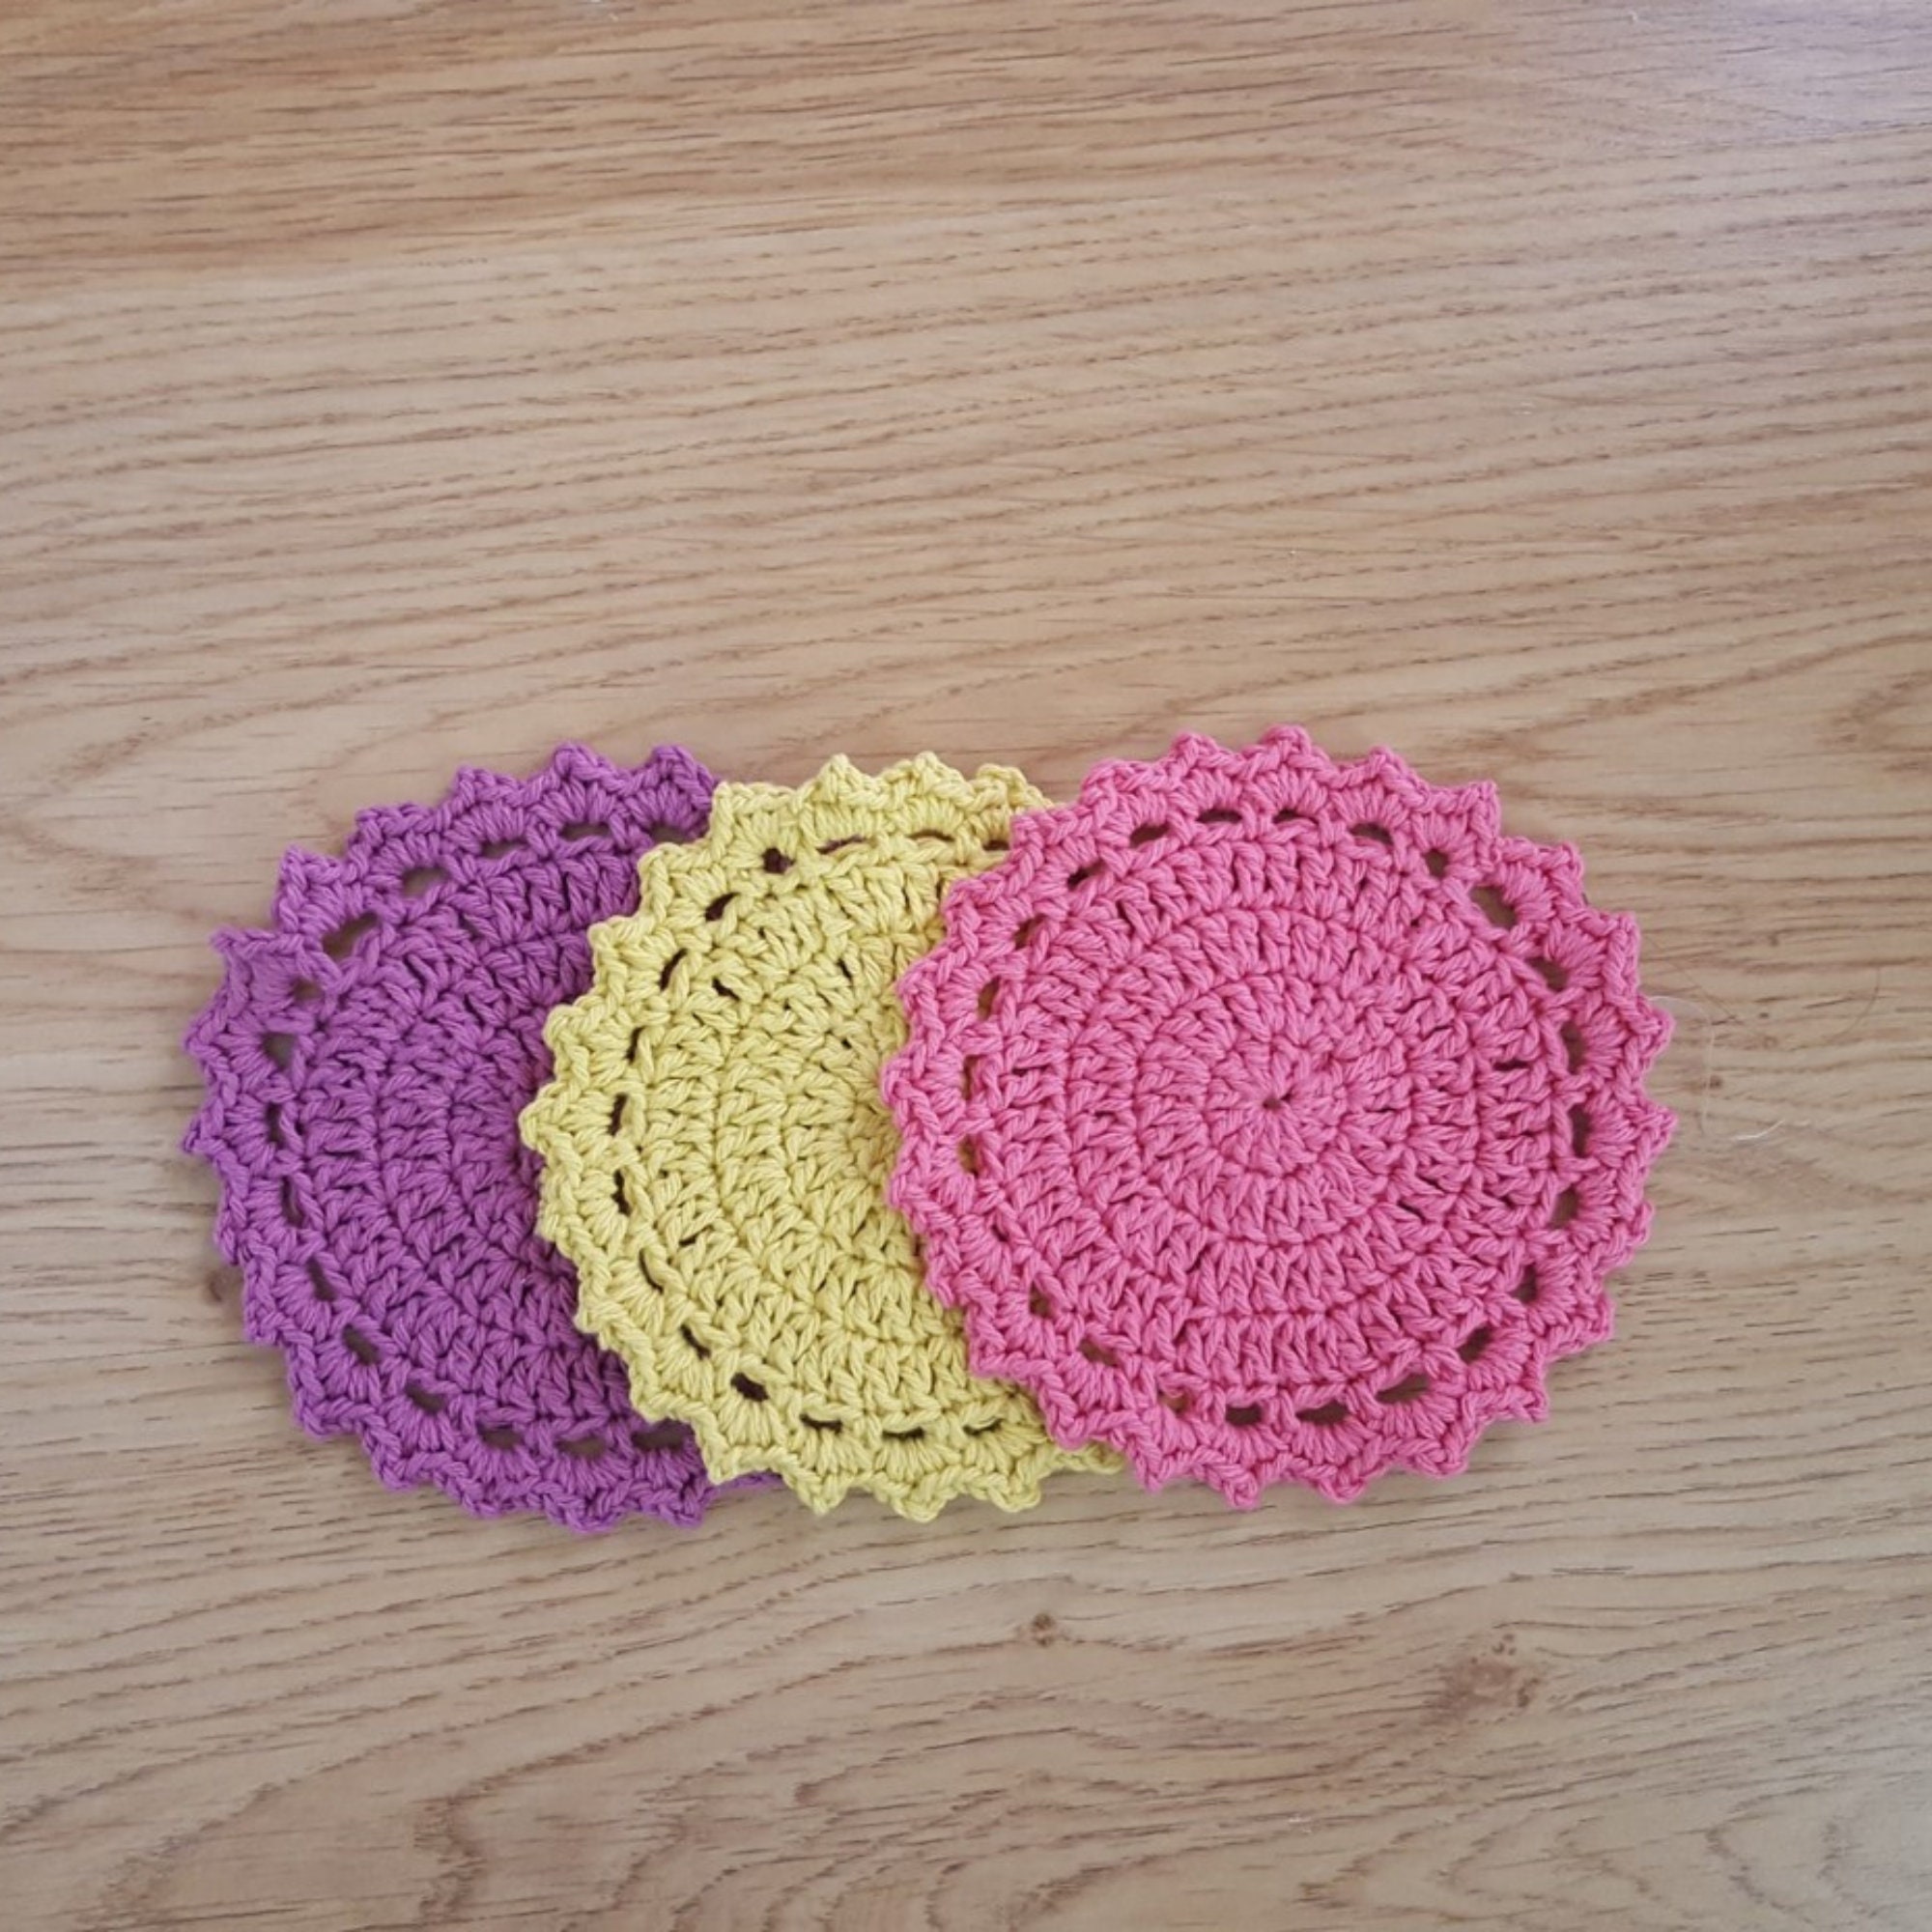 Cute coasters are the perfect evening crochet project
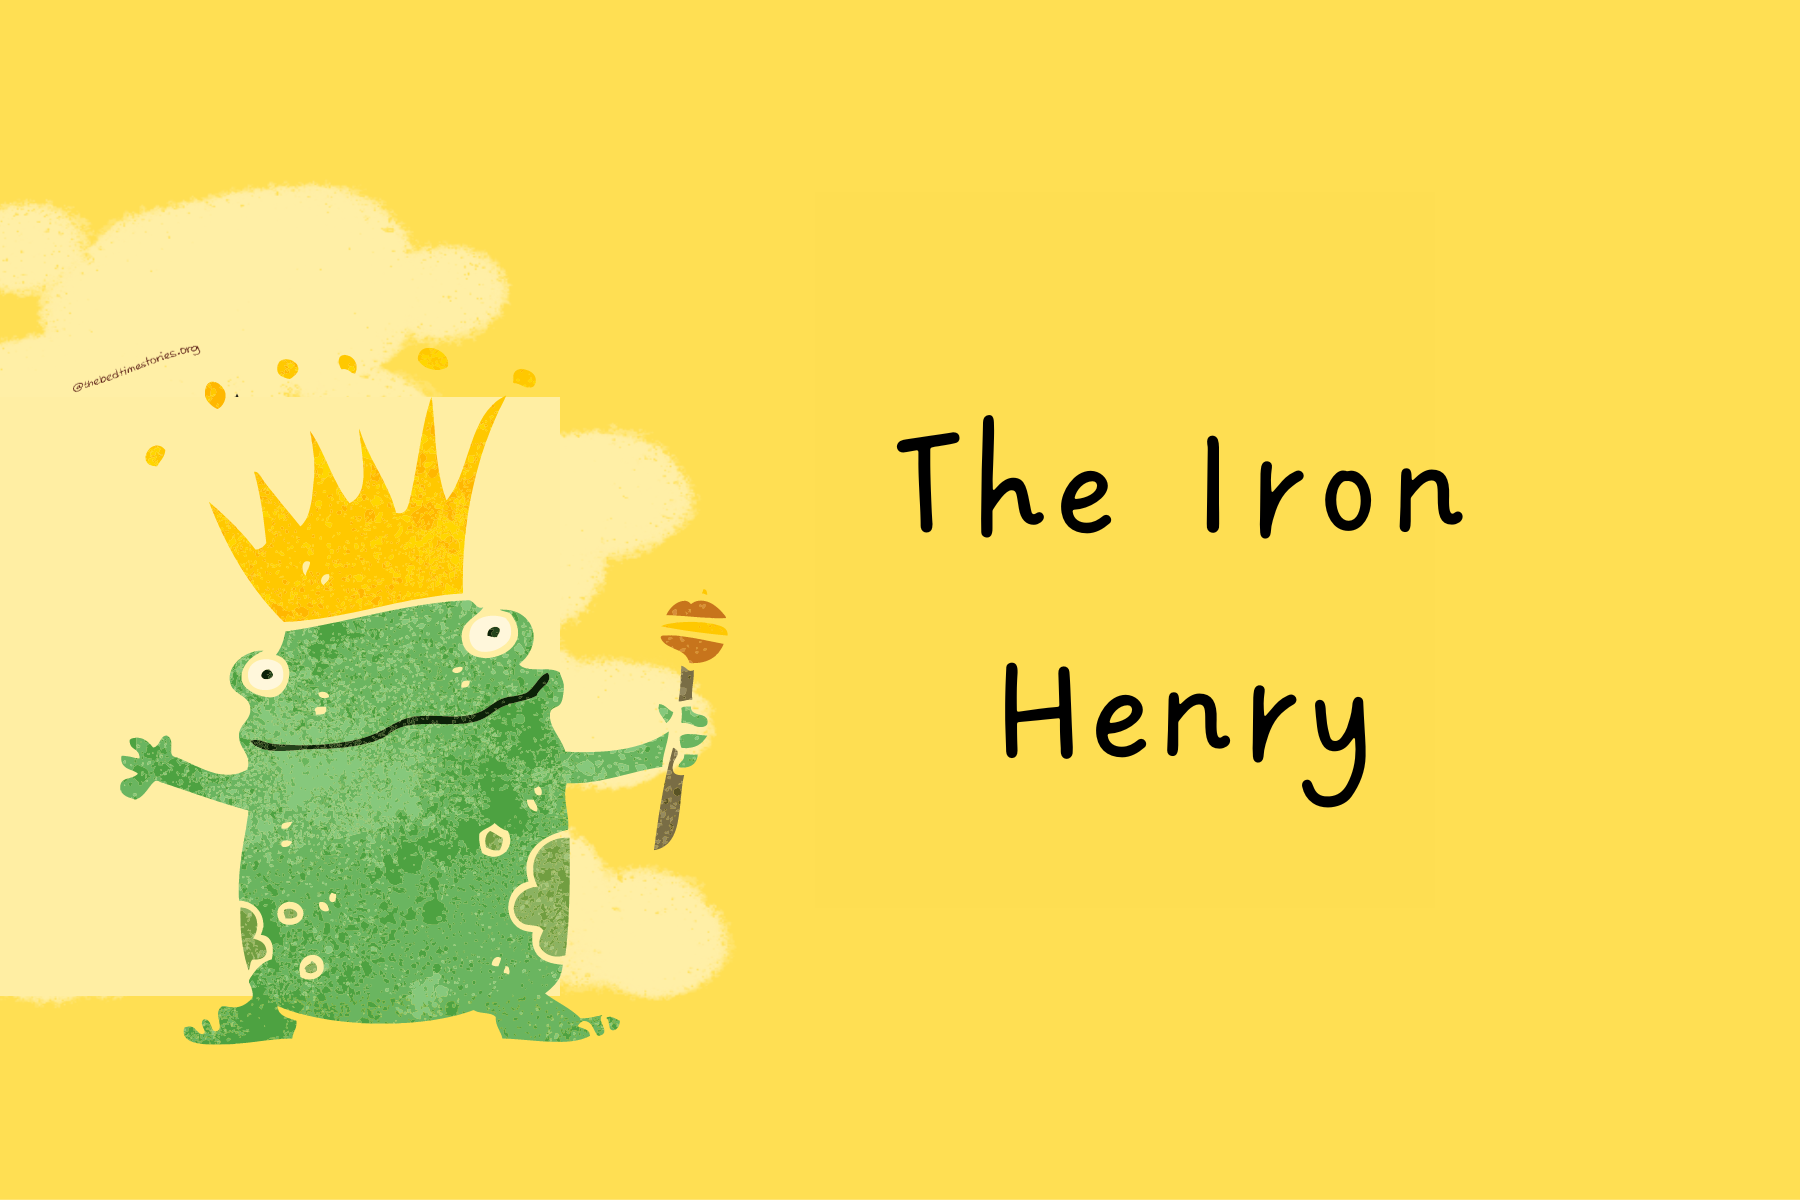 The Iron Henry: Best Top 5 BedTime Moral Stories
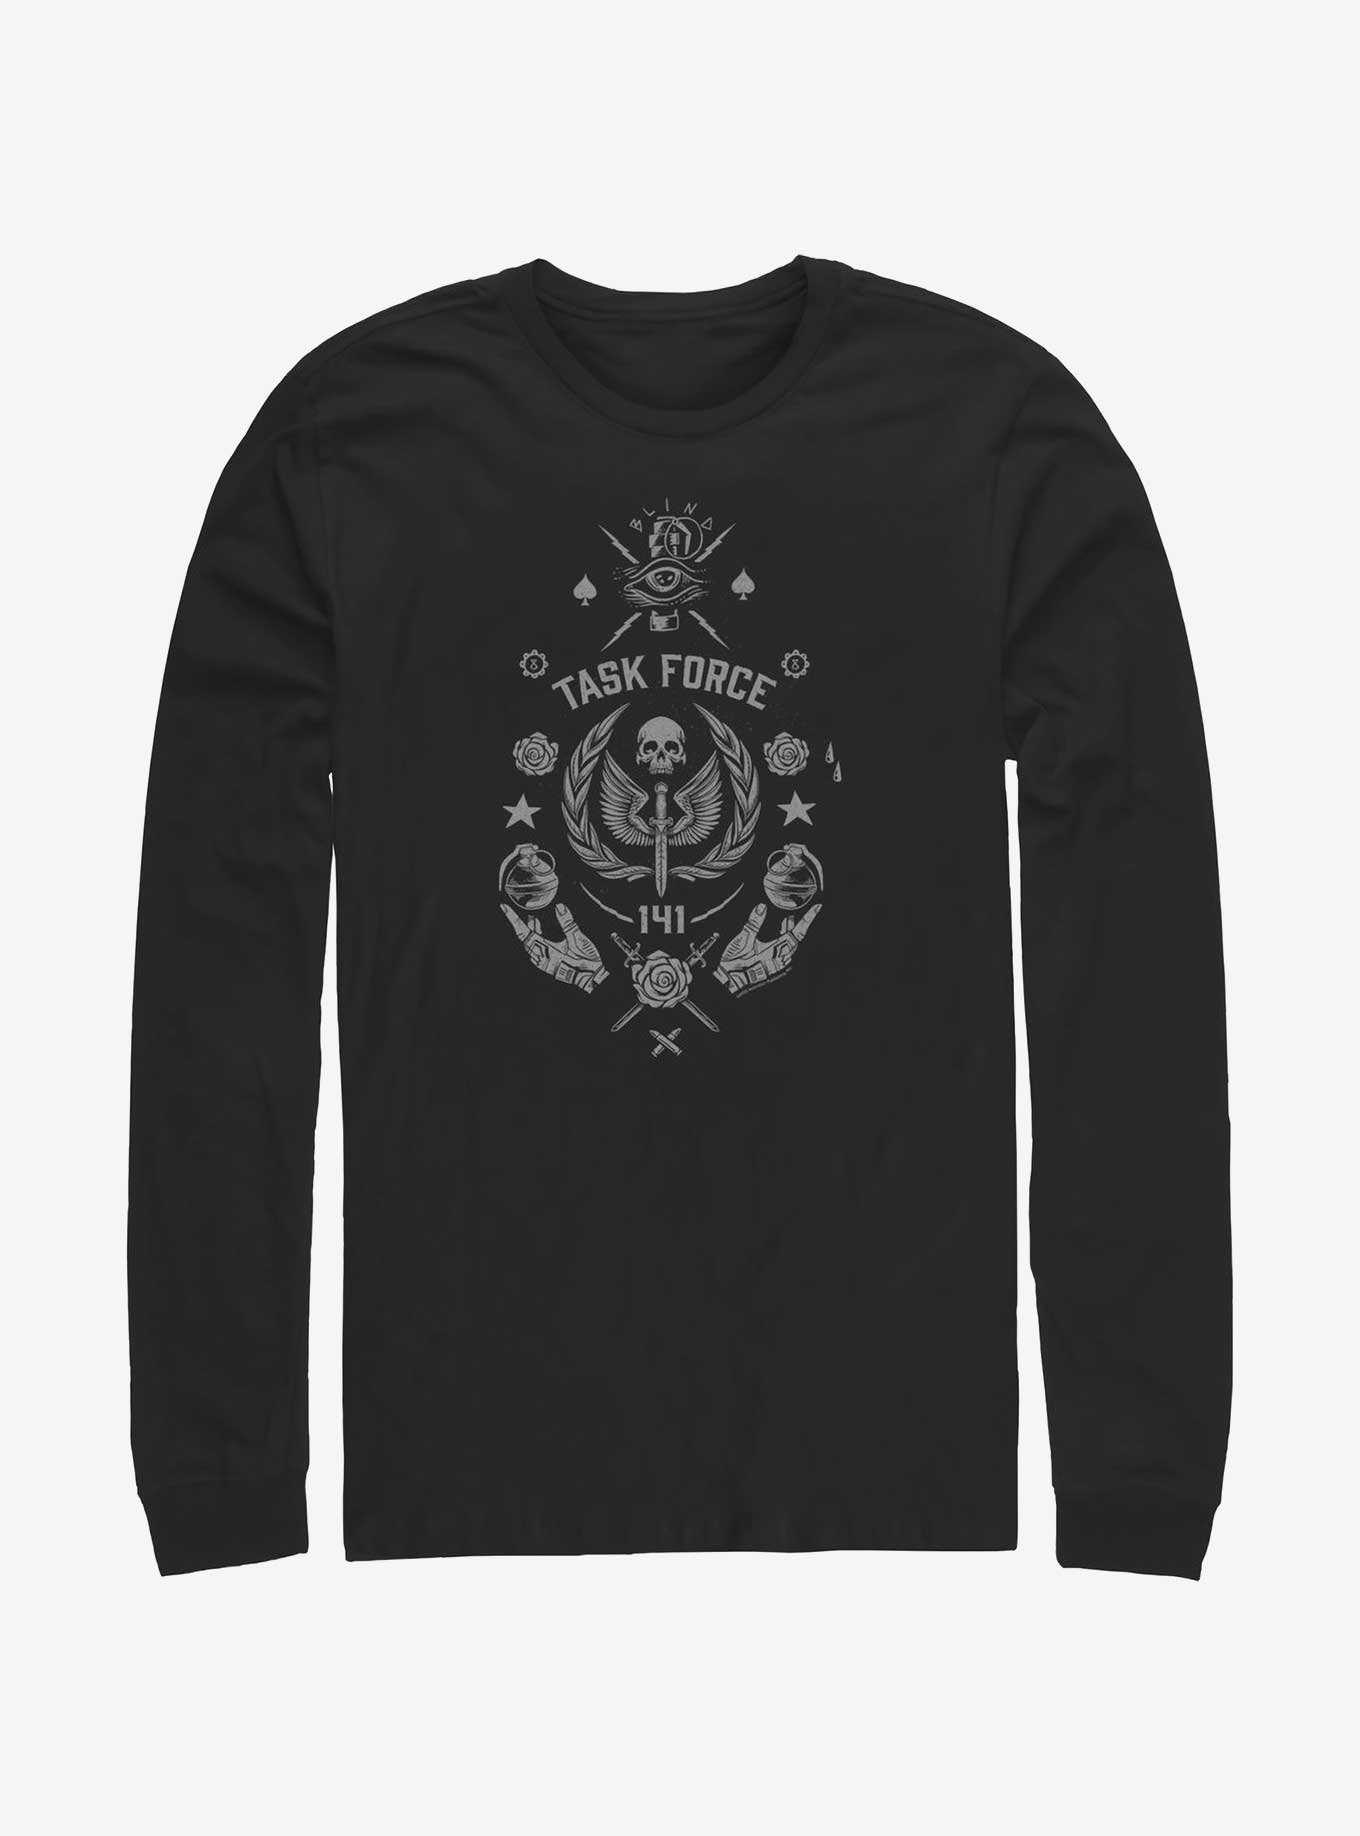 Call of Duty Task Force 141 Icon Long-Sleeve T-Shirt, , hi-res
━━━━━━━━━━━━━━━━━━━━━━━━━━━━━━
▶ **GOAL OF THE EXERCISE**: Print exactly, and only, the lines from the one with "The Iron Henry: Best" through the last line of the listing above. No pictures belong in the copy.

▶ **ANSWER**:
 The Iron Henry: Best Top 5 BedTime Moral Stories
 Call of Duty Task Force 141 Icon Long-Sleeve T-Shirt, , hi-res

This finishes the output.